- **DATASET EXTRACT**:
========

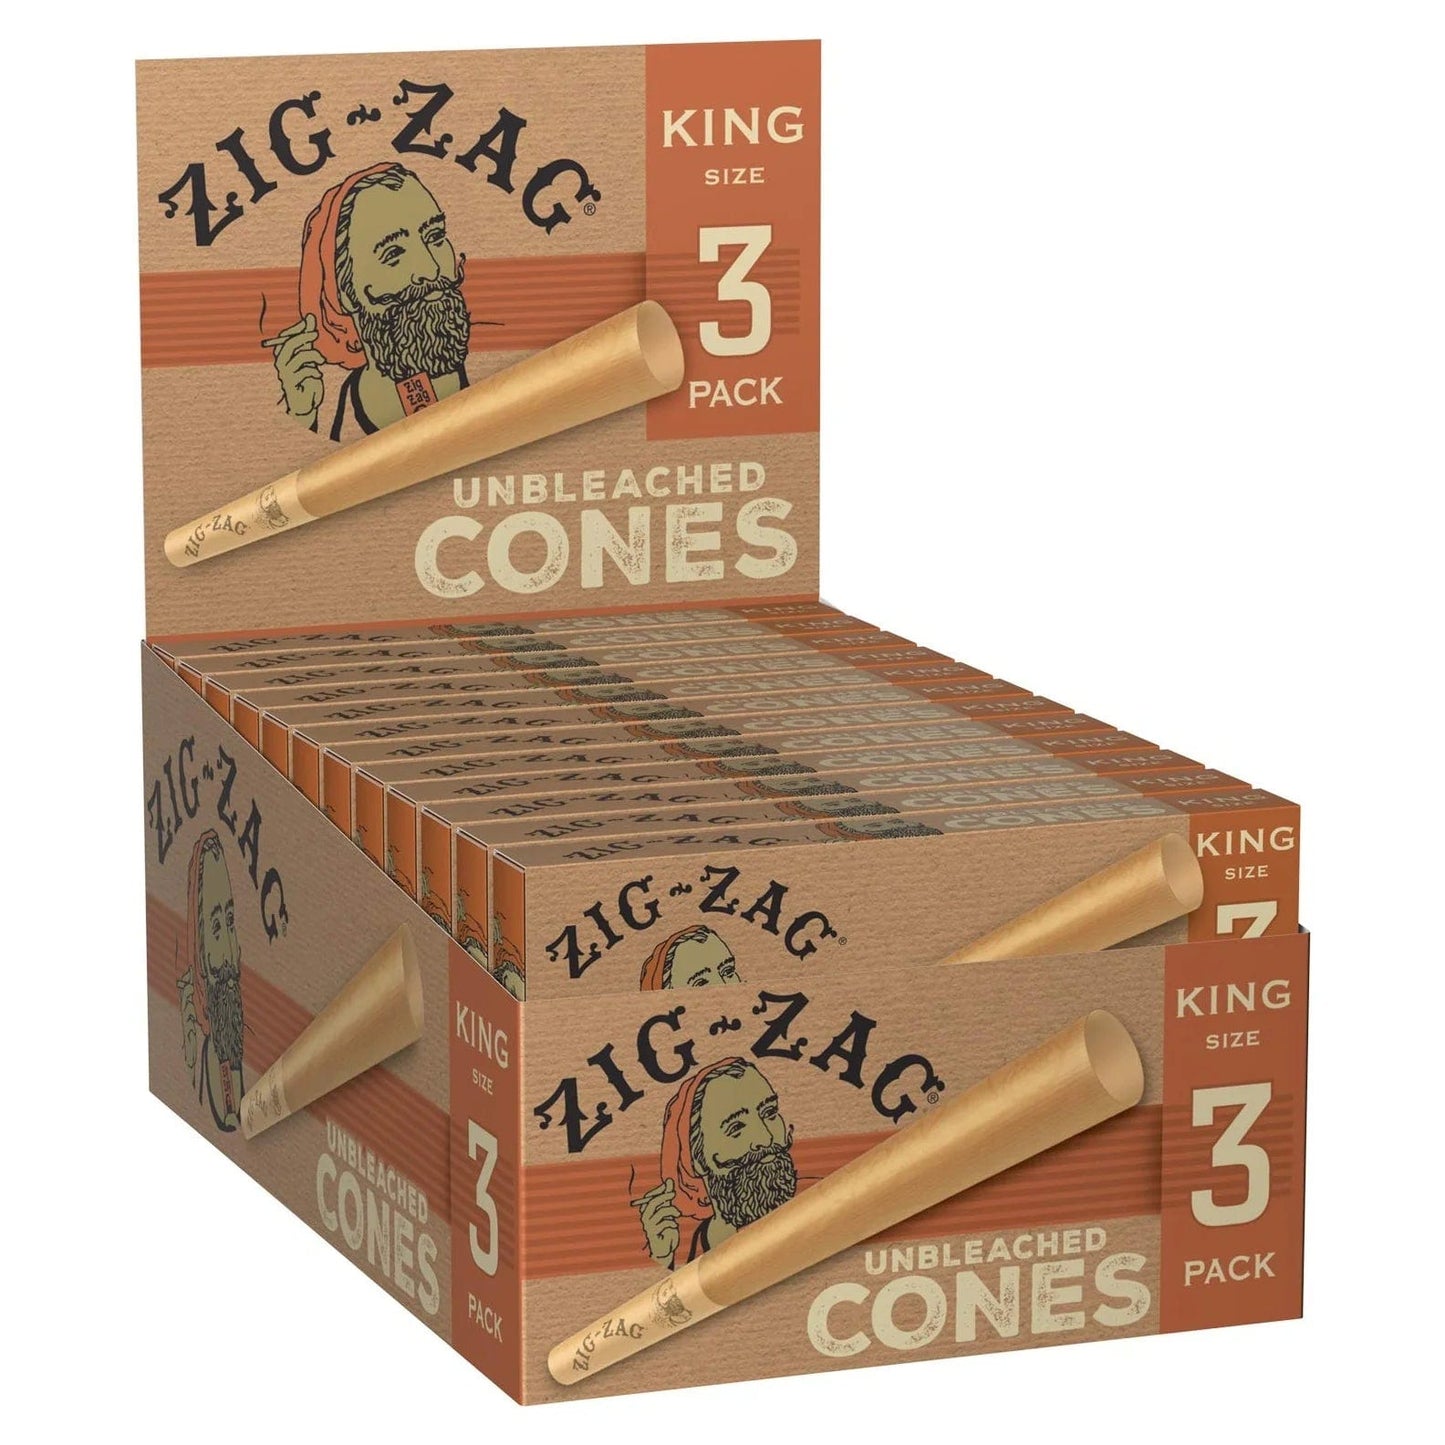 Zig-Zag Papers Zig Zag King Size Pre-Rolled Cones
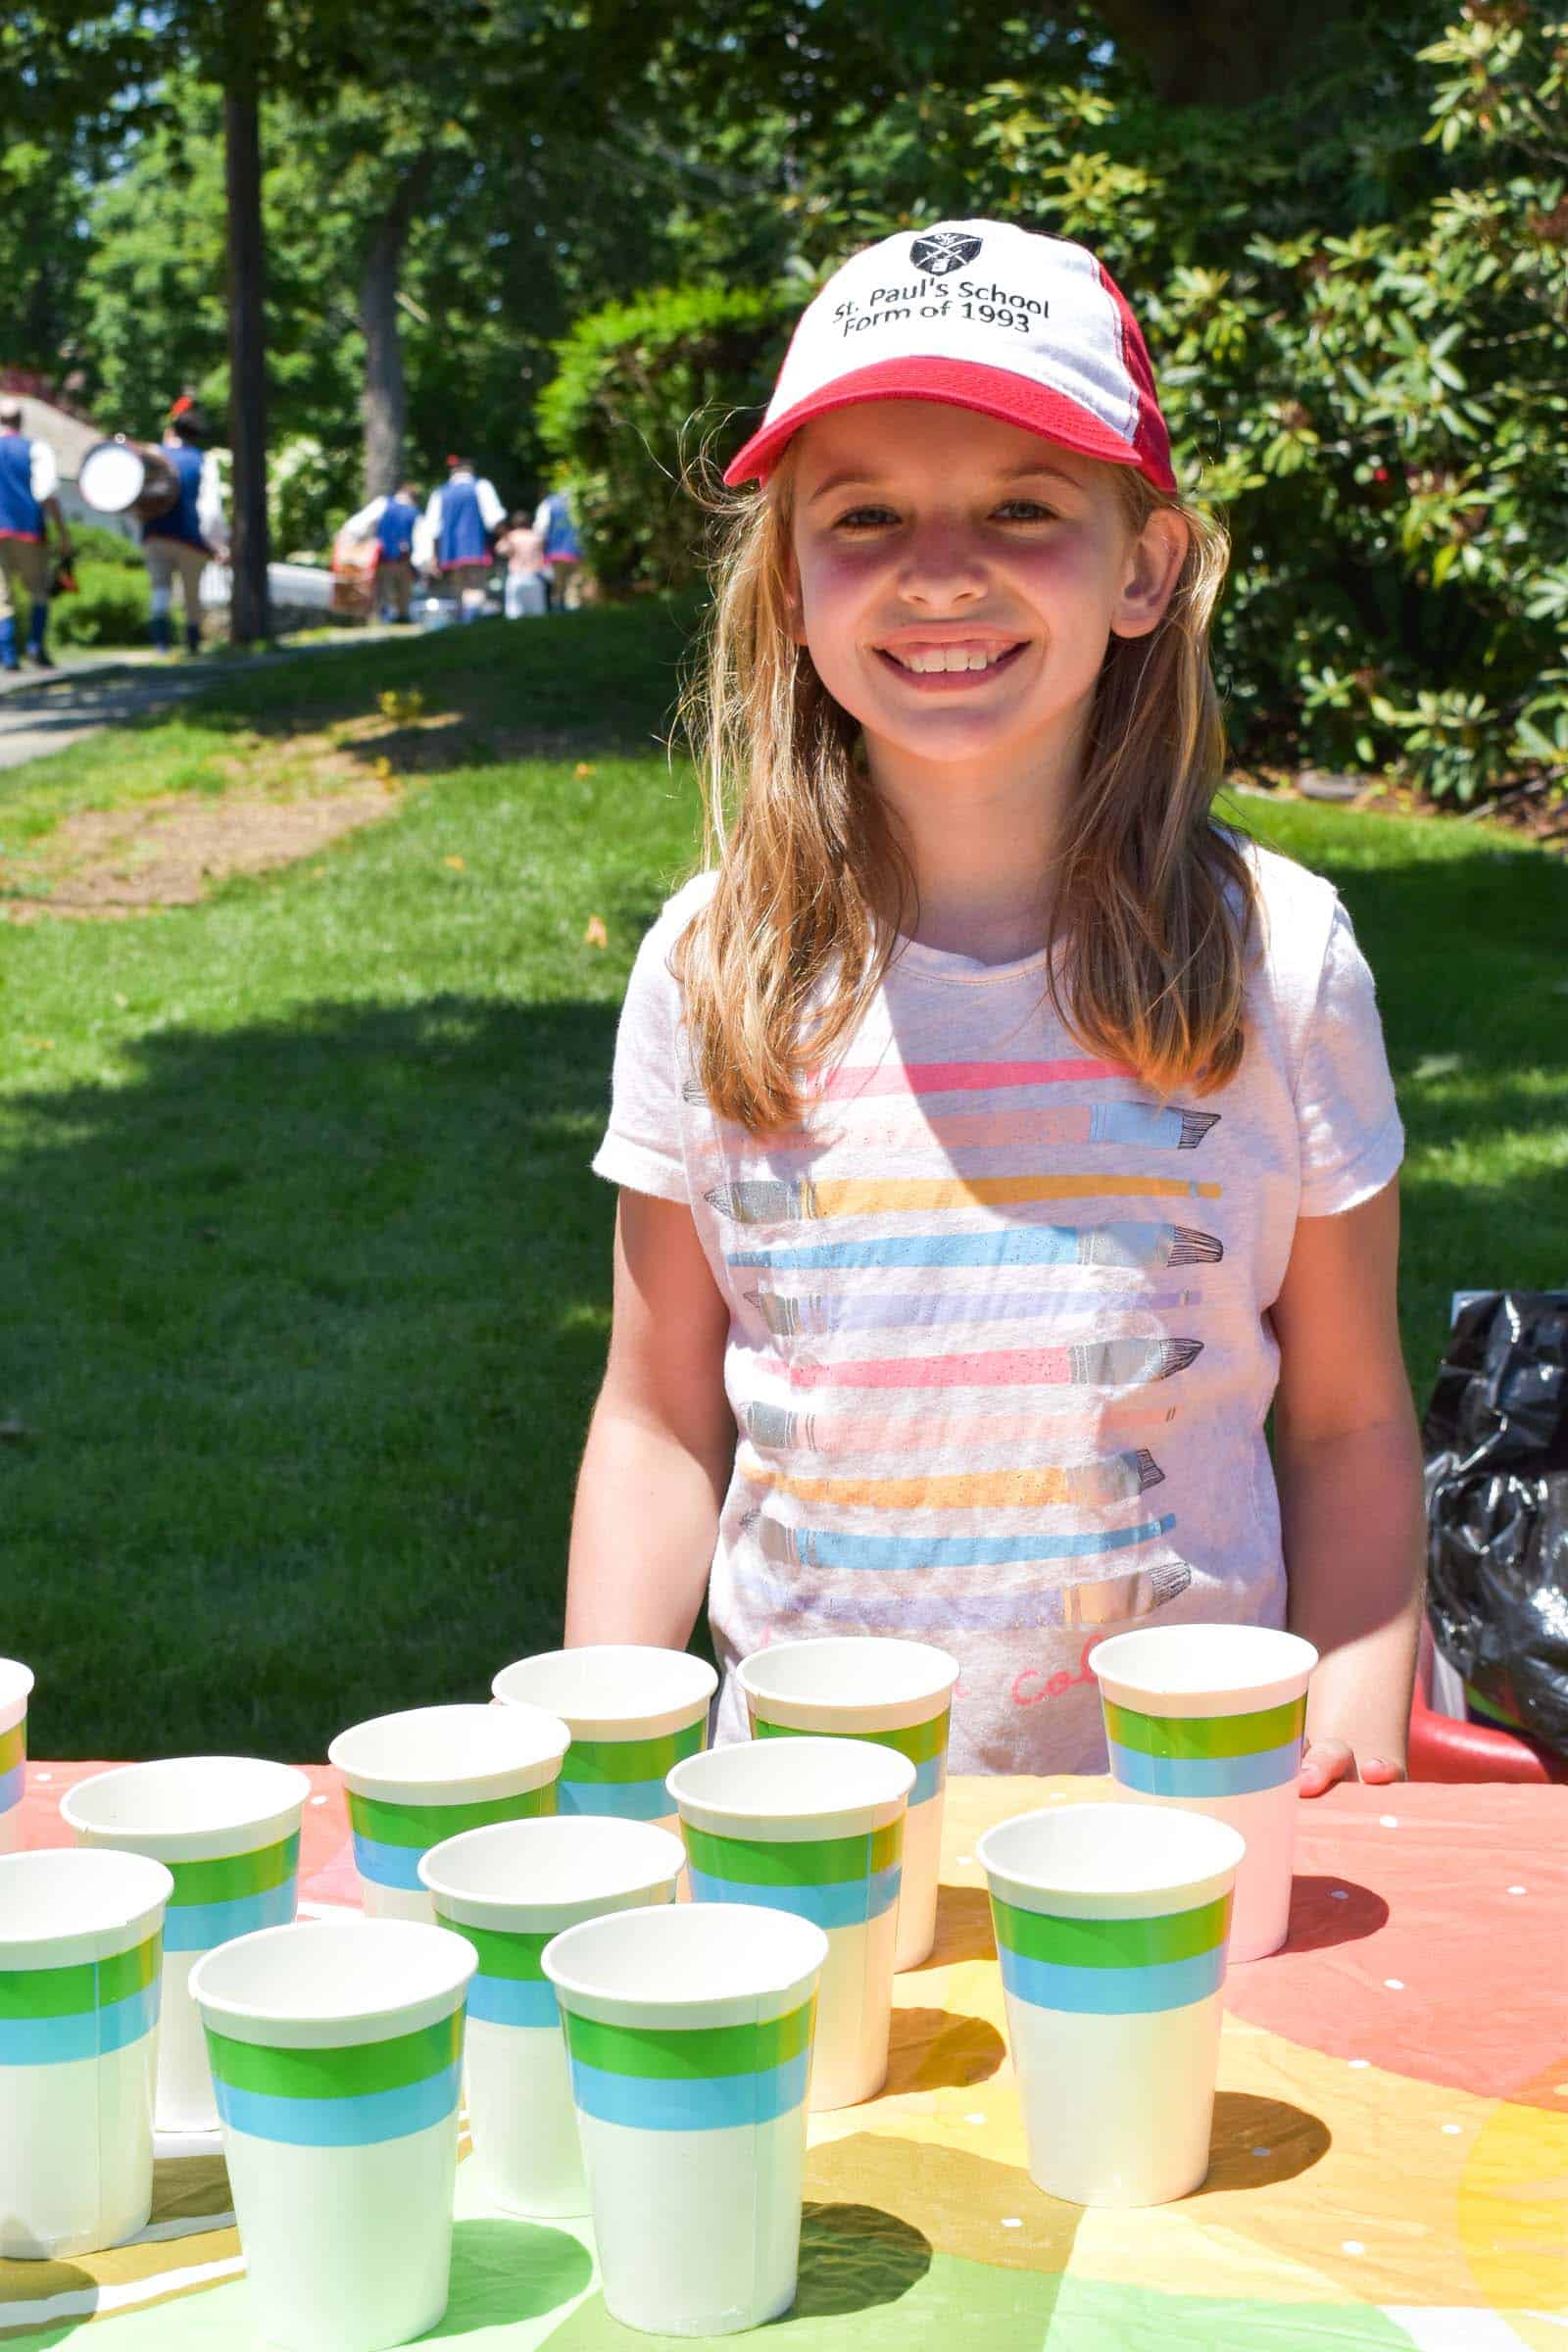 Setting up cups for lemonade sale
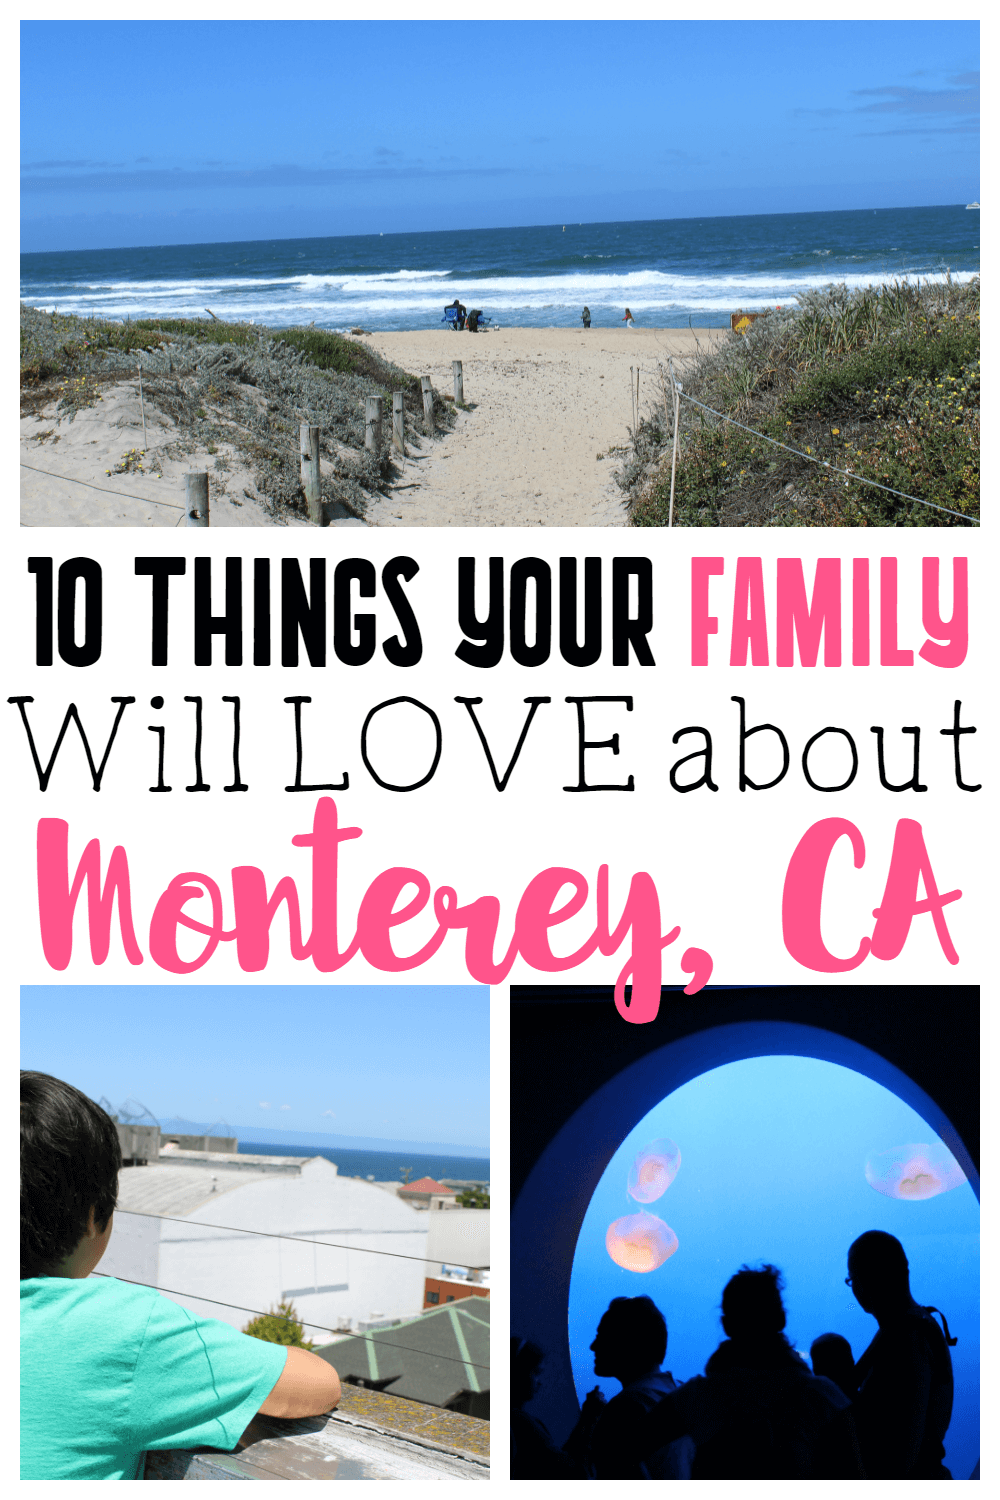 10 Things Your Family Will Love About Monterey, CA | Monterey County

========

- **EXERCISE DETAILS**: What should appear is an exact reproduction of the lines from the one with "Setting up cups for lemonade sale" through the end of the material above, and no pictures.

- **TASK ANSWER**:
 Setting up cups for lemonade sale
 10 Things Your Family Will Love About Monterey, CA | Monterey County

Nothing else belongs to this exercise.